Los inmigrantes de El Ejido, en huelga, toman la calle para pedir paz y seguridad 

Diecisiete personas han sido detenidas, entre ellas los agresores del subdelegado del Gobierno

Los inmigrantes de El Ejido sólo piden paz y el fin de la marginalidad en la que trabajan. En el primer día de relativa calma desde el sábado, los magrebíes salieron a la calle y exigieron a gritos una solución. 

FOTO
Los inmigrantes de El Ejido se concentraron para exigir seguridad
Juan Carlos Serrano - El Ejido .-
Aprovechando el primer día de calma tras los violentos ataques sufridos desde el pásado sabado, centenares de inmigrantes se lanzaron ayer a la calle en distintos puntos de la comarca de El Ejido y en las proximidades de Almería capital. Los magrebíes celebraron asambleas y concentraciones pacíficas en las que pedían el fin de la violencia y una solución a la marginalidad a la que están condenados más de la mitad de los 11.000 que trabajan en la zona.
    Respondiendo a los llamamientos de las asociaciones de inmigrantes ninguno acudió a los invernaderos, donde la escasa actividad laboral estuvo reducida a la presencia de algunos agricultores y propietarios. Todos los comercios abrieron sus puertas en El Ejido y alrededores, lo que propició una aparente tranquilidad. No obstante, los colegios no abrieron sus puertas en la pedanía de La Mojonera. 
    Diecisiete personas permanecen detenidas en dependencias policiales con relación a los actos vandálicos sucedidos desde el sábado. A cinco de ellas se les atribuye la participación en la agresión al subdelegado del Gobierno en Almería, el pasado sábado durante el entierro de la joven Encarnación López, cuya muerte a manos de un magrebí fue el detonante del conflicto.
    Asimismo, de los 55 heridos (de los que ofrecemos el parte sanitario en la página 41) sólo cuatro permanecen hospitalizados, entre ellos, el ciudadano marroquí encontrado en un portal la noche del lunes con multiples puñaladas en las piernas y una cuchillada en el cuello. Los médicos no temen por su vida. 
    El único incidente, ayer, se ciñó al incendio de dos invernaderos, propiedad de un mismo dueño, cuya autoría está investigando la Guardia Civil. La comarca no regresará a la normalidad hasta que no funcionen a pleno rendimiento los invernaderos, motor de la economía en la zona. Una de las consignas transmitidas ayer en las asambleas espontáneas celebradas por los inmigrantes fue precisamente no volver al trabajo hasta que la situación de infravivienda, los problemas de integración que padecen no tengan una solución definitiva.
    En Las Norias, donde el número de inmigrantes es superior a los habitantes de la zona y la violencia contra ellos se ha desatado con mayor virulencia, medio millar de personas se manifestaron durante toda la mañana en la que hubo pequeños momentos de tensión.
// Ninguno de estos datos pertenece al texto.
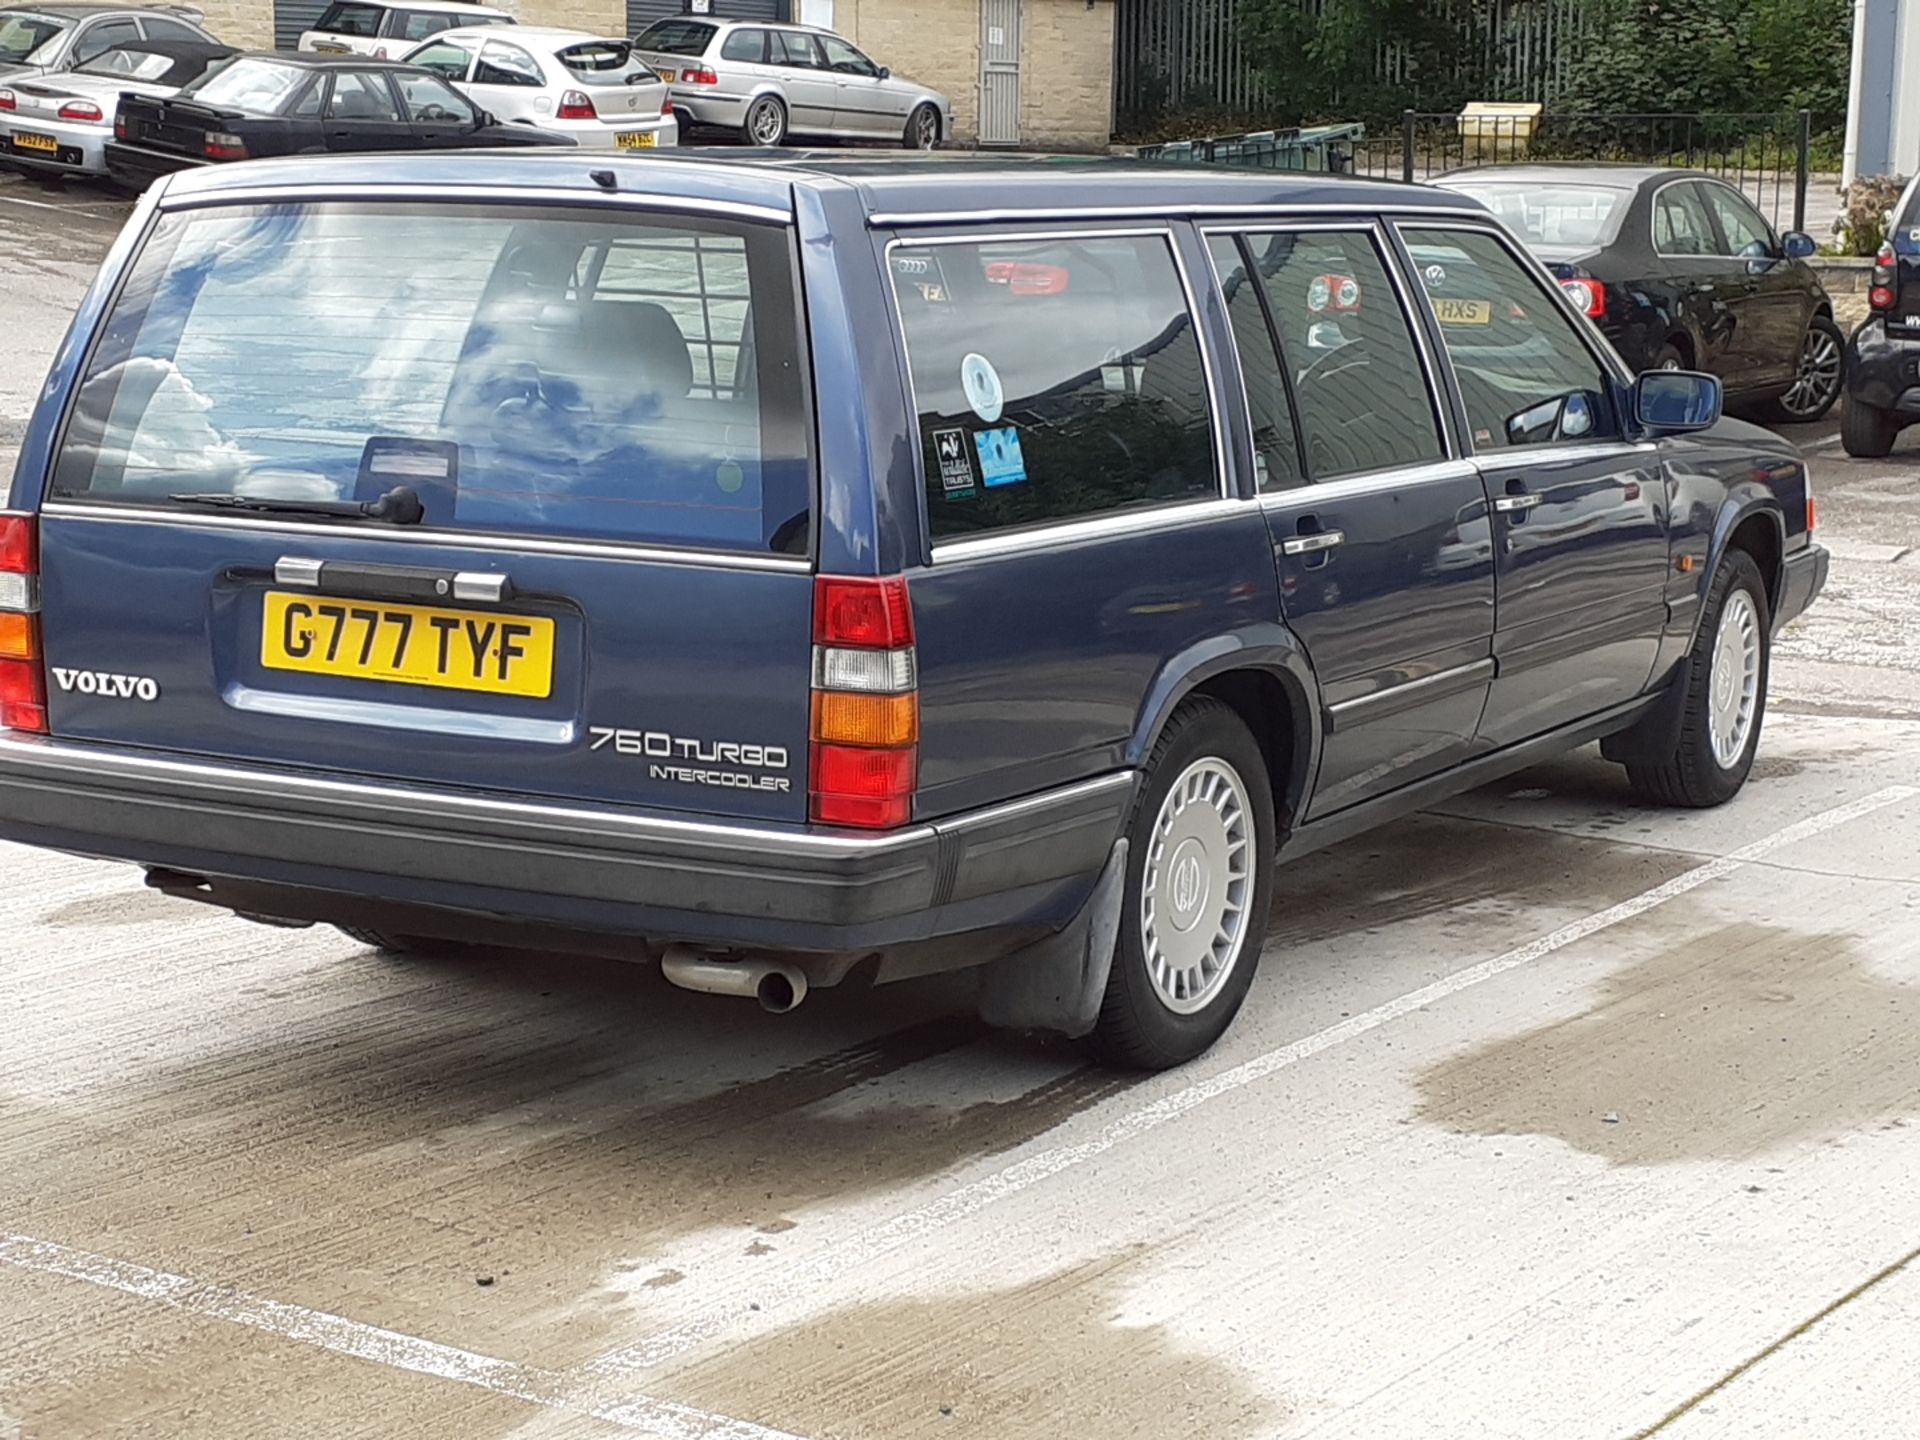 1989/G REG VOLVO 760 TURBO 2.3 PETROL AUTO ESTATE, SHOWING 3 FORMER KEEPERS *NO VAT* - Image 9 of 16

En esta barriada no ha quedado en pie ni un sólo comercio árabe. Carnicerías, tiendas de ropa y alfombras, locutorios telefónicos o bares que solían frecuentar han sido arrasados e incendiados. En las calles aún permanecían los restos de una decena de coches y furgonetas a los que la turbamulta prendió fuego. Ahora forman parte de un escenario patético. «¿Por qué?», era la pregunta que todos se hacían. «¿Por qué si alguien ha hecho algo malo lo tienen que pagar niños de 4 y 10 años?» «¿Si no tenemos la culpa, por qué pagamos nosotros que somos trabajadres pobres, que no podemos vivir en otro sitio que no sea una chabola? En todas partes hay buenos y malos ¿Es esto tan difícil de comprender?», preguntaba sin obtener respuestas una mujer argelina a los congregados. 

«Son bárbaros»

Vigilados estrechamente por decenas de agentes antidisturbios de la Guardia Civil y la mirada recelosa de pequeños grupos de vecinos, algunos de los concentrados no pudieron aguantarse la rabia contenida durante estos días. «Son bárbaros», arengaba un magrebí al resto de compatriotas. «Nos han quemado nuestras casas con los niños dentro. Estamos jodidos aquí». «Siempre somos no- sotros los malos. Yo llevo cuatro años del invernadero al cortijo, donde vivo. No tengo vida social y tampoco tengo derechos. No volveremos a trabajar hasta que no haya una solución», añadió entre la ovación de todos. Tras la improvisada asamblea, algunos vecinos, contrarios a la violencia de estos días, se sumaron a la marcha de los magrebíes, presidida por un solo grito: «Queremos paz». 
    La concentración más numerosa se produjo en la localidad de La Cañada, a las afueras de la capital almeriense, donde se reunieron dos mil personas. Los manifestantes pretendían llegar hasta la sede de la subdelegación del Gobierno para dejar patente sus reivindicaciones, pero la Policía tuvo que disolver la concentración porque no había sido previamente autorizada. 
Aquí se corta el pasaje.